Добавить в цитаты Настройки чтения

Страница 10 из 16



– Да! Да! И ещё раз да!

– Не ори! – Ванда хмыкнула, поправила указательным пальцем воображаемое пенсне на носу и грассирующим докторским голосом проблеяла: – Ну что ж, голубчик!

Дела у нас неважнецкие, скажу прямо. У вас, милостивый государь, глубочайший кризис среднего возраста, совпавший с коллапсом советской империи. Диагноз неутешительный, но не фатальный. Будем лечить вас клизмами с шампанским, оральным сексом и током в пятьсот вольт.

Разумеется, я бы мог рассказать ей, что моим самым первым детским воспоминанием был мёртвый фокстерьер по кличке Зигмунд, которого сбил таксист на улице Володарского. Моя бабка не придумала ничего лучше, чем положить труп собаки в мою коляску. Была поздняя весна, я помню ярко-зелёные листья сверху, горький тополиный дух; бабка катила коляску, у мёртвой собаки во рту белели мелкие зубы и высовывался кончик розового языка. Надо мной по диагонали плыло весеннее небо с клочьями белых облаков.

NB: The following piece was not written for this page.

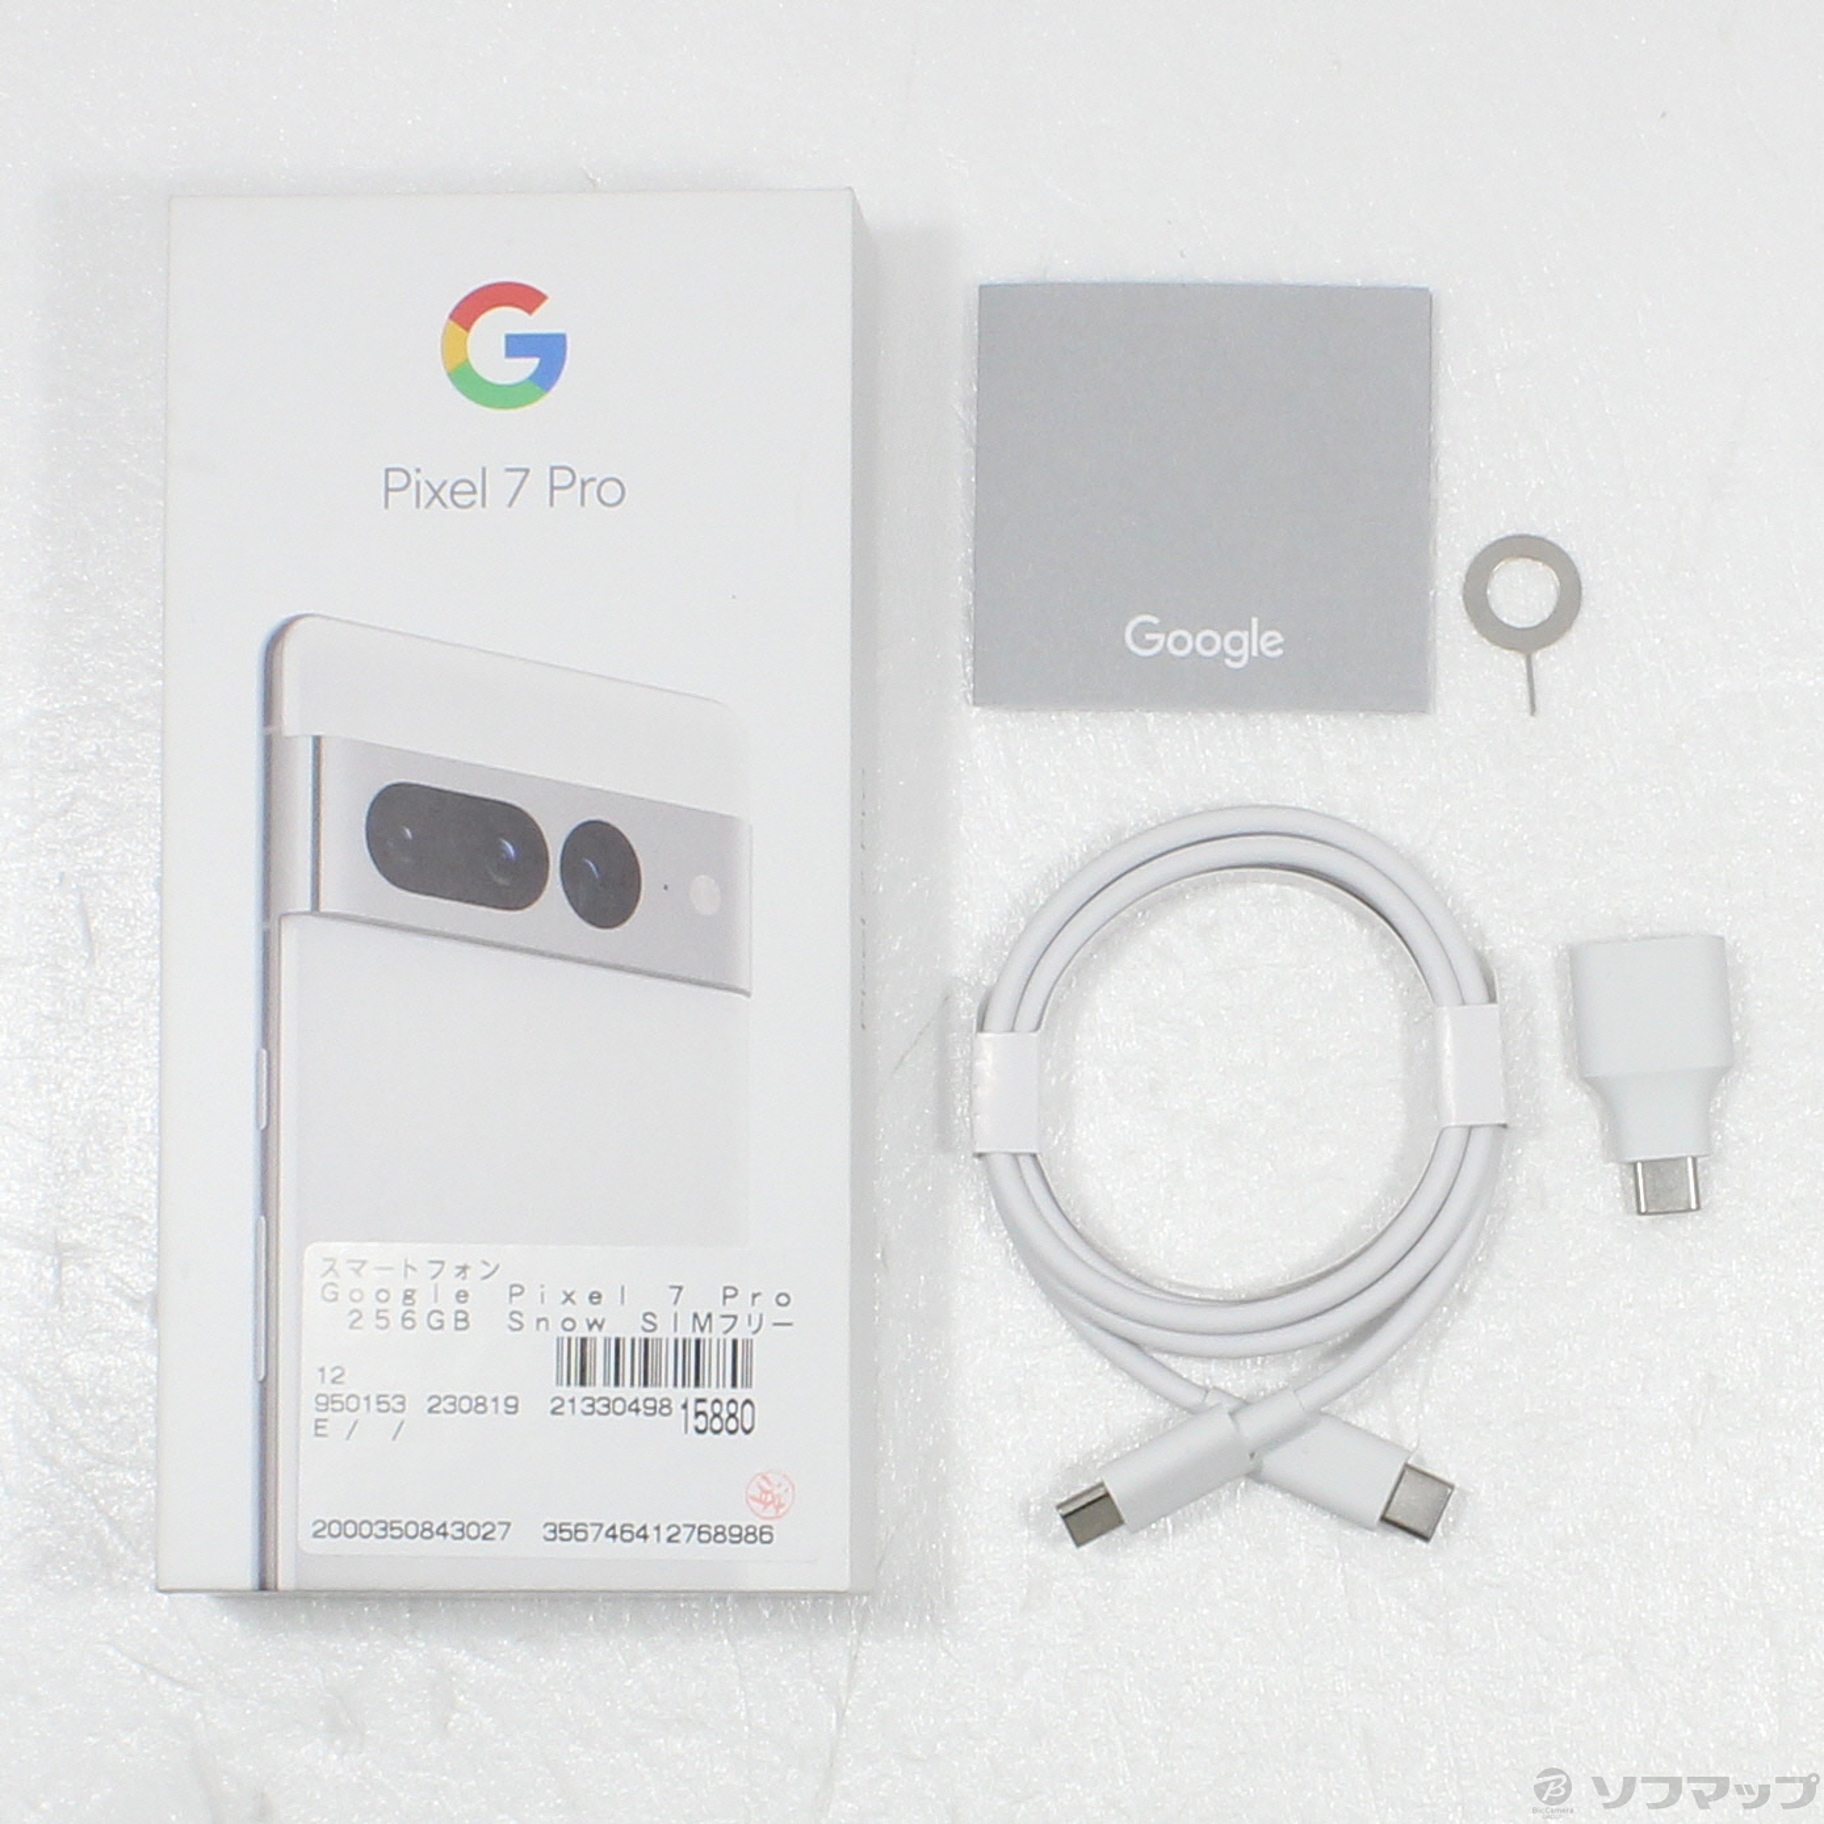 中古】Google Pixel 7 Pro 256GB Snow SIMフリー [2133049815880

Через год мои родители развелись и почти сразу обзавелись новыми супругами – в те годы, похоже, быть холостым считалось неприличным. Они разъехались: отец в Кунцево, мать – на проспект Мира. Я застрял на Таганке. Бабка энергично взялась за моё воспитание, ей не было и шестидесяти, её муж – мой дед – умер за два года до моего появления на свет.

Раз-два в неделю мы навещали его на Ваганьковском; бабка отпирала ограду, садилась на скамейку перед могильным холмиком, доставала носовой платок и папиросы и начинала тихий укоризненный монолог. Дед явно был виноват практически во всём. Виноват лично. Я играл между крестов и обелисков в индейцев: то притворяясь коварным ирокезом, бесшумно скользящим по узким лабиринтам кладбищенских аллей, а то охотником за скальпами, кровожадным команчем, что караулил свои жертвы в кустах сирени у колонки, к которой стекались беспечные бледнолицые бабульки со своими лейками и вёдрами для полива кладбищенской флоры.

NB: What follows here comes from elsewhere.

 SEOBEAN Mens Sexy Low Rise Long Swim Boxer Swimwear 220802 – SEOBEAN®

Или просто бродил между оград, крашенных серебрянкой, и разглядывал фотографии мертвецов и читал их имена и фамилии. На дальнем конце кладбища, у самого забора, мне попалась Любовь Крыс, девочка умерла в семилетнем возрасте ещё до войны, избавив себя от стольких мук и издевательств. Аполлон Иннокентьевич Кашолкин дожил до преклонных лет и, должно быть, свыкся с именем, отчеством и особенно фамилией. Из мутного овала на меня смотрел ехидный носатый дед, похожий на Дуремара из «Золотого ключика». Под белой плитой с мраморным скрипичным ключом лежала Татьяна Кочура, бровастая брюнетка с порочным взглядом и голыми плечами.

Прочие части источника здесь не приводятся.